Mon plus grand plaisir, un livre qui m’absorbe.

 

Ce qu’il faut savoir avec moi, c’est que je suis une grande lectrice. Je lis et dévore tout ce qui me tombe sous la main. Les mots, les phrases, toutes ces lettres et symboles qui se lient, s’éloignent, s’entichent les uns des autres pour former des milliards de combinaisons différentes, et tout cela réuni dans des centaines et des milliers de messages, mots, textes, tracts, essais, romans, encyclopédies, grimoires…. Tout ceci me fascine.  Je rêve d’une bibliothèque comme dans « la belle et la bête »…

 

Lorsque je lis un livre, je me plonge dans l’histoire plus sûrement que dans une piscine. Je me laisse submerger, je passe la tête sous l’eau, je vis en apnée le temps de lire les 400 pages qui me séparent de la fin, voir plus. Le reste ne me regarde pas, ne m’intéresse pas. Je suis isolée du monde, l’histoire me happe, me couvre, me protège, me recueille en son sein.  Je plonge dans un profond sommeil éveillée.

 

Lorsque je sors de ma lecture, c’est le plus souvent, contrainte et forcée. Réveil parce que je m’étais imparti un temps, entrée intempestive de papa maman dans la chambre, alerte vessie, rappel à l’ordre de la prof de français (oui, oui, ça m’est arrivé)… Et là je me sens comme après une sieste. Reposée. Quelques fois un peu angoissée (pour les personnages que je viens d’abandonner lâchement). Mais toujours régénérée et calme. J’aime cette sensation de lire.

 

La Sensation de lire. C’est comme se plonger dans un bon bain chaud. On s’abandonne corps et âme à cette histoire qui nous dévore. On accompagne chacun des personnages, nos compagnons, nos amis, on veut leur faire partager notre intuition sur tel ou tel bonhomme, mais déjà un autre camarade arrive. On vit notre lecture.

 

Lorsque j’émerge d’une de mes Lectures, il me faut du temps pour m’en remettre. Tout au plus quelques minutes. Reprendre possession de son corps, se situer dans l’espace, bouger doucement, puis se redresser, se séparer de son cocon de Lecture. Se réveiller enfin, et s’apercevoir que le soleil a décliné, que cela fait six heures déjà et qu’il est temps de se mettre à table.

 

De telles Lectures ne sont pas rares. Mes styles de livres sont assez différents en étant tous somme toute assez semblables. Mon effet bulle (c’est aussi comme ça que je l’appelle), m’est arrivé pour pas mal de livres. Celui qui m’a fait le plus d’effets à été Cellulaire de Stephen King. J’ai commencé à onze heures (j’étais seule à la maison), je me suis levée parce que j’avais la vessie qui tiraillais.

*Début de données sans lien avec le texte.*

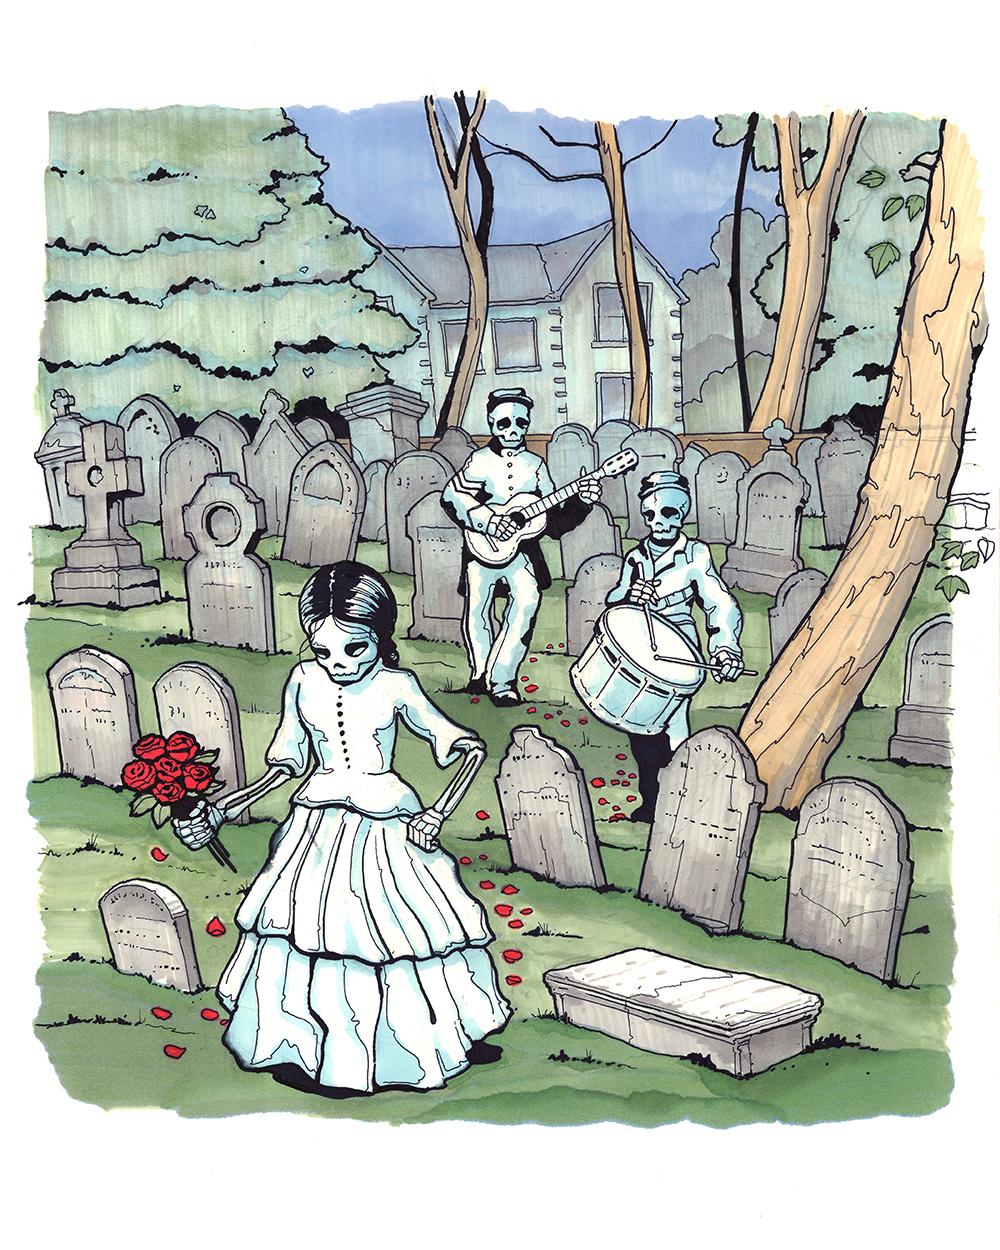 La-Guerre-Skeletons-Web.jpg

Le retour à la réalité c’est fait en douceur, mais j’étais encore pâteuse, comme après une cuite, sans le négatif. En me lavant les mains quelques minutes plus tard, j’entends ma mère qui m’appelle en bas. Je descends. Elle avait été faire les courses en sortant du travail. Il était plus de dix huit heures.

 

Cet effet là se produit aussi souvent en cours de français, en fait, il suffit que j’aie un livre à la main. Sartre, Musset, Montesquieu. Et je lis vite. J’ai tendance à ne pas aimer qu’on lise en même temps que moi. A la limite, quelqu’un qui lis un texte que je n’ai pas… Mais une distribution, puis une lecture en classe… Là j’ai du mal. Bon, je distance très souvent le lecteur désigné, c’est pour ça que je suis un peu perdue souvent. Mais quel plaisir de découvrir un texte par soi même et non par la voix d’un autre….

 

Pour en revenir à la matrice même de ce texte, un livre est une entité vivante. Une entité que j’aime et qui m’aide à assouvir cette passion de lire, de titiller mon imaginaire, de renforcer ma mémoire.

 

Tiens, je crois avoir une idée. Une bonne bonne idée cette fois. Je vais faire une liste de tous les livres que j’ai lu, et tenter d’en faire un petit résumé (à part, au cas où). Peut être pourra-t-on ainsi échanger cher lecteur, sur ce plaisir qu’est la lecture. Avec un grand L.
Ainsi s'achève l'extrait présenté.